For too long, we have lived in a society that places emphasis on material things over the content of one's character and the strength of one's community. The hyper-individualism that COVID accelerated — and that Trump 2.0 has actively cultivated as a substitute for collective civic life — has separated us from one another at precisely the moment we most need to be together.
It is time to return to the collective.
It is time to remember that we were always stronger together than apart, and that the communities which have endured the longest in this country did so not through individual consumption but through collective care.
We Call On All Black Leaders, Clergy, Organizations, and Concerned Citizens To:
I. Organize immediately. Convene emergency sessions in every Black church, NAACP chapter, civic organization, fraternity, sorority, and community hall in Richland County and across South Carolina. The struggle will not wait for a convenient calendar.
II. Issue a unified economic embargo. Identify and publicly name businesses, donors, and commercial interests that have funded or vocally supported MAGA redistricting efforts. Withdraw non-essential patronage. Redirect Black dollars toward Black-owned and community-aligned institutions wherever possible.

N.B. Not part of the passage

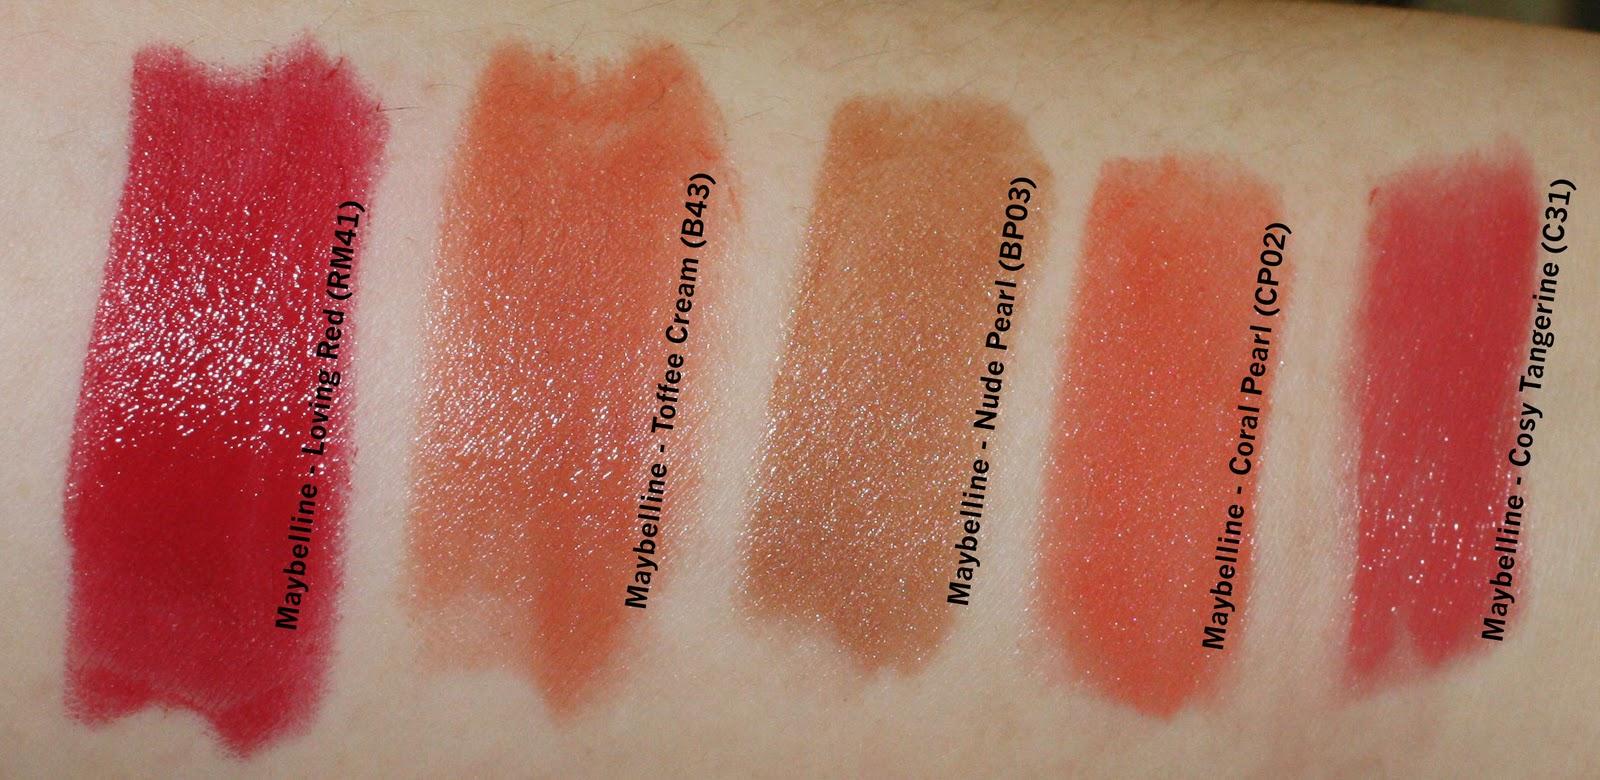 Revlon Mauve Lipstick Drugstore lipsticksRevlon Mystic Mauve Lipstick

III. Descend on the State House. Mass presence at the South Carolina State House is non-negotiable. When the Governor calls this session, we must already be there — visible, organized, and unified across denominational, organizational, and political lines.
IV. Demand accountability from every elected Democrat. No Democrat — state or federal — receives our enthusiastic organizational support without a public, on-record commitment to fight this redistricting by every procedural and legal means available.

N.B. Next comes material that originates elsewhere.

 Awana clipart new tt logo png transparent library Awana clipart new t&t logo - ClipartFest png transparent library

V. Unite across every difference. Put aside the divisions they have cultivated between us — denominational, generational, organizational, personal. The struggle is not static. The conditions they have created are dynamic. Our response must be equally dynamic.
A Final Word
They believe that because they have drawn lines before — because they have moved Black people before, literally and figuratively — they can do it again without consequence. They are counting on our disorganization. They are counting on our exhaustion. They are counting on our silence.
We will not give them our silence.
Individuals who believe they can bully nearly a million people across Richland County and South Carolina's Sixth Congressional District need to understand the hard way that there has never been, and will never be, a time when we succumb to Trumpism and the manufactured grievances of those who cannot imagine a democracy that includes us as equals.
James E. Clyburn held that seat because Black South Carolina built the coalitions that made it possible. What has been built can be defended. What has been defended can be extended. But only if we move — together, now, with everything we have.
There is no machine without us. There is no economy without us. There is no opportunity without us. There is no democracy without us.
Javar Juarez is the Publisher and Editor-in-Chief of the Columbia Urban Broadcast Network (CUBN), an independent investigative news outlet covering South Carolina politics, civic affairs, and community accountability. He is also President of the Capital City Chapter of the A. Philip Randolph Institute (APRI) in South Carolina.